Seasonal Monsoon Rains Block Key Tropical Ocean Current
[February 2019 image of sea surface salinity and soil moisture from NASA’s Soil Moisture Active Passive (SMAP) satellite. Credits: NASA/JPL-Caltech/GSFC]
[NASA] Our oceans and the complex “conveyer belt” system of currents that connects them play an important role in regulating global climate. The oceans store heat from the Sun, and ocean currents transport that heat from the tropics to the poles. They release the heat and moisture into the air, which moderates climate nearby. But what happens if part of that conveyer belt jams?
It’s not a theoretical question. Scientists have observed that a major ocean current called the Indonesia Throughflow, which provides the only tropical connection between the Pacific and Indian oceans, slows dramatically near the surface during the Northwest Asia monsoon season — usually December through March. And a team of scientists, led by Tong Lee of NASA’s Jet Propulsion Laboratory in Pasadena, California, has figured out why.
“We have found that this current, which is a very important element of the global ocean current system, is significantly affected by local precipitation,” Lee said. “It is fairly common knowledge that winds drive ocean currents. In this case, however, the precipitation is actually a dominant factor during the monsoon season.”
It’s a discovery that will improve our understanding of complex Earth processes. During this season, about 10 feet (3 meters) of rain fall over the maritime continent, a region of Southeast Asia between the Indian and Pacific oceans through which the Indonesia Throughflow current travels. This influx of local rain reduces the pressure force that drives the current through the region.
[This animation shows a time lapse of sea surface salinity and soil moisture from NASA’s Soil Moisture Active Passive (SMAP) satellite from April 2015 through February 2019. Credits: NASA/JPL-Caltech/GSFC]
How does that work? Gravity causes water to travel “downhill” from areas of relatively higher sea level toward areas of lower sea level unless opposed by another force. In the tropical Pacific, trade winds also influence the flow of water. They blow from east to west, causing ocean currents to transport large amounts of water from the U.S. westward toward Asia. This raises the sea level on the Asian side of the Pacific Ocean and provides enough force to keep the Indonesia Throughflow moving, connecting the two oceans.

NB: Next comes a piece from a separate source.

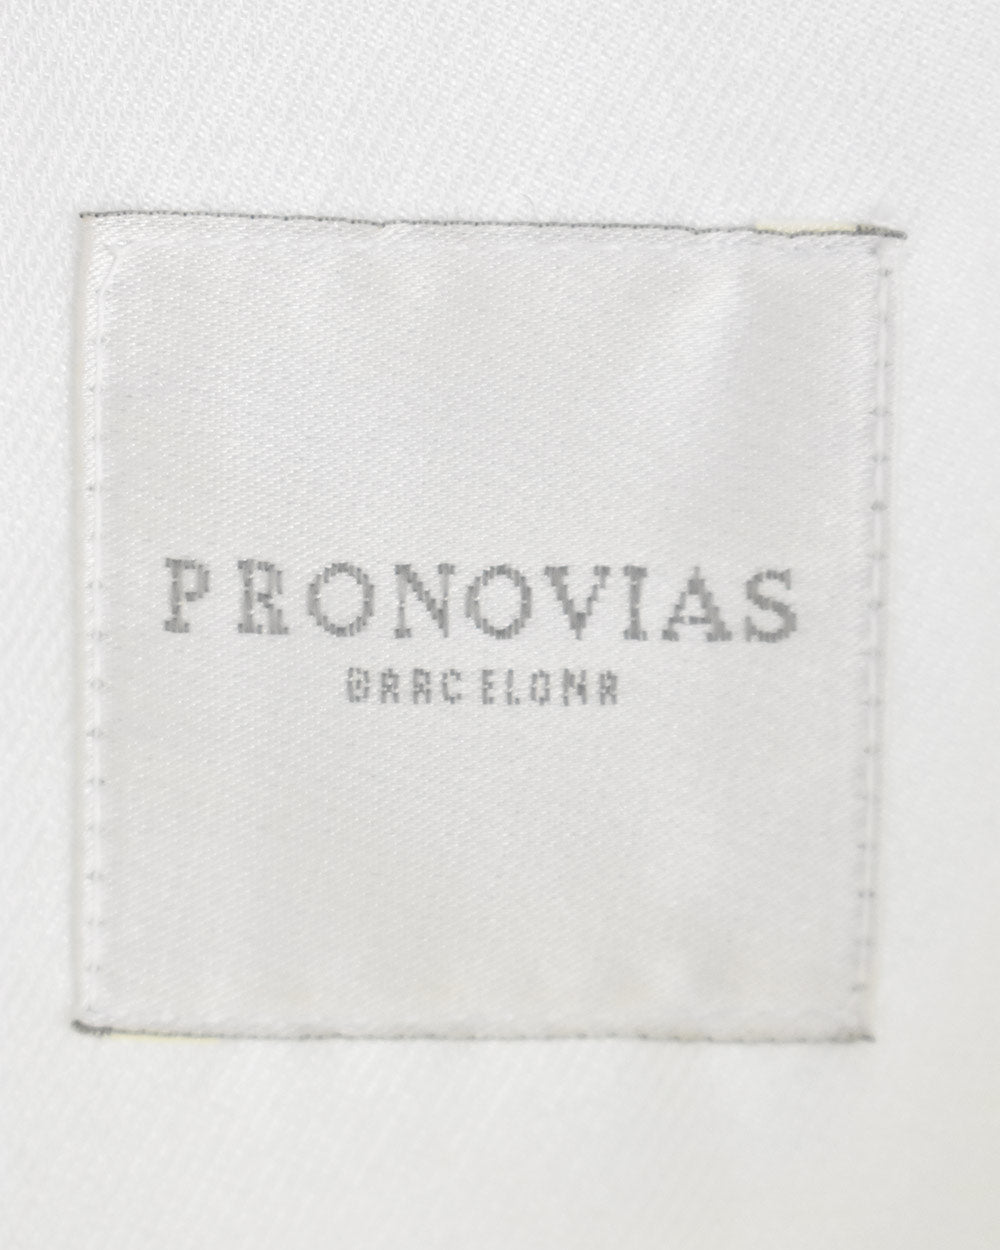 Pronovias Ivory A Line Wedding Dress with Veil Size 12

However, the influx of rain during monsoon season temporarily but significantly raises the local sea level in the Indonesian seas that sit between the Pacific and Indian oceans enough to essentially eliminate the downhill flow. Think of it like a ball rolling freely downhill versus a ball on a flat surface, which has little momentum to move forward.
Although the slowing of this current is primarily seasonal, it still affects the amount of heat transported from the Pacific Ocean to the Indian Ocean, which can change regional climate in Southeast Asia.
“The increase in local sea level due to the seasonal freshening of seawater pushes against the normally higher sea level from the Pacific Ocean,” said Lee. “It restricts the surface flow of this current during the monsoon season, which prevents a lot of the heat normally carried by the current from making its way to the Indian Ocean.”
[Bathymetric map for the southeast Asian Seas and the major pathways of ocean currents in the Maritime Continent region.]
Furthermore, since all of these currents are connected globally, less warm water is transported into the Indian Ocean, and in turn, less warm water is transported from the Indian Ocean to the Atlantic Ocean over the long term. So the Indonesia Throughflow — one element of a much larger system — can have a significant effect thousands of miles away from where it flows.
The results of this study will help to improve climate models by enabling scientists to factor in these effects and changes. Titled “Maritime Continent water cycle regulates low-latitude chokepoint of global ocean circulation,” the study was recently published in Nature.
NASA satellite data, particularly ocean salinity measurements from the Soil Moisture Active Passive (SMAP) satellite, were instrumental in these findings. Although SMAP was designed primarily to measure soil moisture, its radiometer is also able to measure sea surface salinity. The results of this paper demonstrate the utility of SMAP salinity data in exploring changes in the water cycle, sea level, ocean circulation and climate.